Third, while the money committed to a Just Transition Fund is substantial, many municipal authorities in Germany don't have the capacity to apply for the funds or procure projects with them – a similar problem that many councils up and down the UK face.
Finally, German trade unions representing coal workers have a strong voice, but workers in new low-carbon industries do not. Most strikingly, in the last few years, more jobs – as many as 40,000 at the end of 2019 – have been lost in the wind industry than are due to be protected in coal. Arguably, this is due to limited access these workers have to trade unions. As IPPR has previously written about, similar fears about access exist in the UK too.
Lessons for the UK
Despite the limitations of just transition efforts in Germany, there are still key lessons the UK could learn, not just about the policy itself, but the institutional and structural conditions that have helped to produce it. Such lessons are essential to ensure that the UK does not repeat the mistakes of its own history of poorly managed industrial change.
The first thing to note is how the regional governments in Germany have far more powers to act than their UK counterparts. States in Germany have a lot more devolved power over areas like public welfare, regional planning and to some extent income tax. As a result they are more directly accountable for the local impacts of decarbonisation, thereby increasing the imperative to convene and listen to local organisers and stakeholders when developing transition plans and decide on the future industries that will define their regions.
Second, trade unions are treated as social partners in the policymaking cycle, which gives them a significant voice in transition arrangements. It is no coincidence that there are far more collective bargaining agreements – an effective means of securing decent pay and job quality – in Germany than the UK. The result is that these unions have been a key part of Germany’s Coal Commission.
Third, in no small part due to the influence of unions, the €40 billion fund is a clear demonstration that the federal government is taking a transition seriously by giving it financial heft. While the specific activities and types of support for workers are yet to be finalised, it is a clear signal that the government views the climate crisis as a moment to invest in new opportunities too. At a time when Covid-19 has meant that green investment is now both very popular and essential to the future path our economy takes as it recovers, support on this scale has become ever more important.
In the UK, we are already phasing out coal such that, the UK now regularly goes weeks without using any coal power whatsoever.
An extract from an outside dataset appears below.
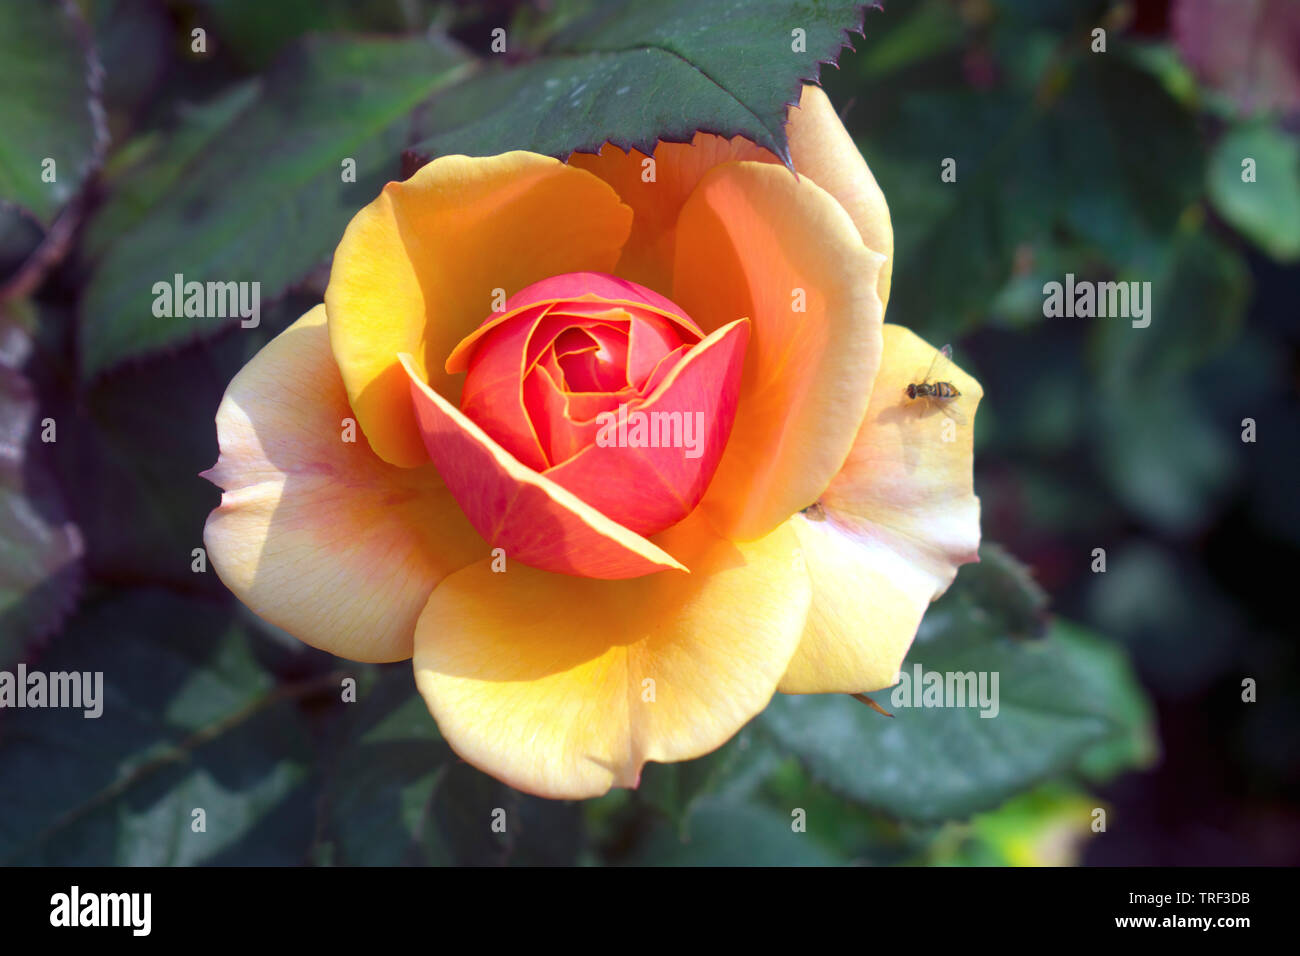 Large isolated yellow rose, with some peach shading in the center, on a bed of dark green leaves Stock Photo
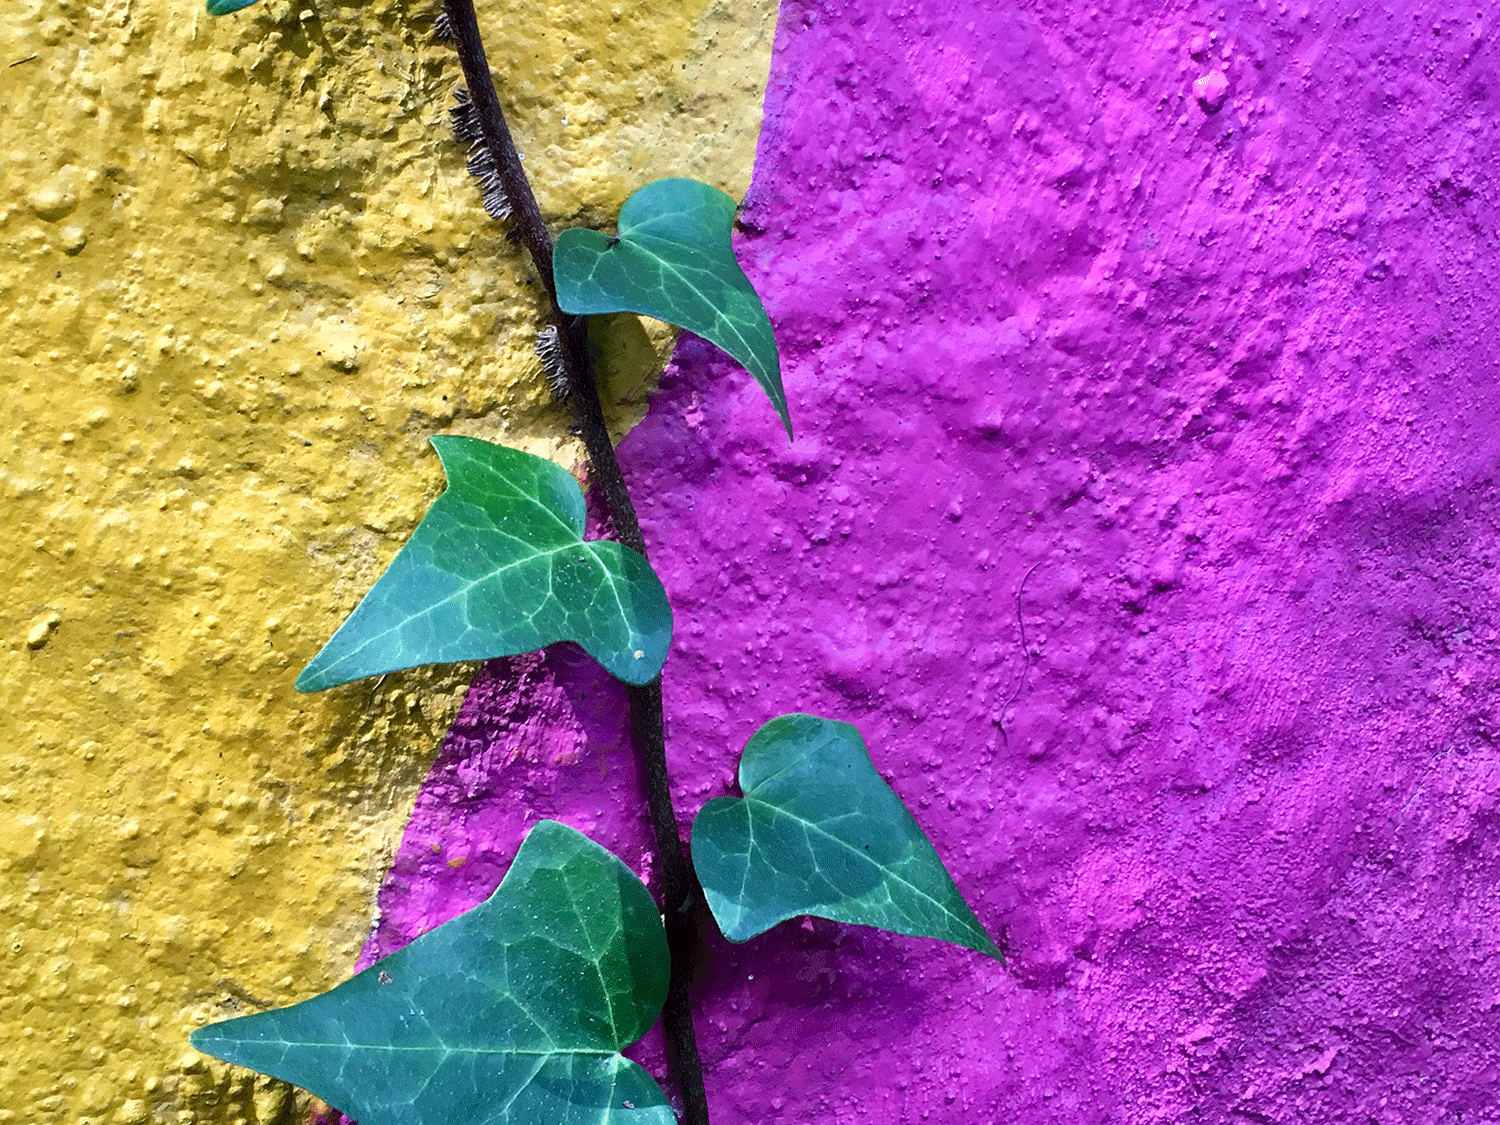 A green vine growing on a yellow and purple wall

However, one of the reasons why the UK is arguably "further along" in decarbonising its power sector is because its mining industry was already subjected to an unjust transition in the 80s. Indeed, as coal power stations are now being phased out and the UK’s attention will increasingly turn to the oil and gas sector, there is a real risk that we could be repeating these mistakes.
As IPPR has previously argued, to avoid such an unjust transition, it is vital that the UK focuses on how to engage and empower local communities and ensure they have a voice in the decision making process. As Covid-19 is forcing us to change the way we live and think about what constitutes a good life, conversations and resulting policy about our common future are ever more pertinent. In that regard, the lessons of Lusatia can provide us with some useful instructions.
Josh Emden is a research fellow in the energy, climate, housing and infrastructure team at IPPR. IPPR and Agulhas are grateful for the support of the TUC and FES in partnering on the events in this series as part of the work of IPPR’s Environmental Justice Commission.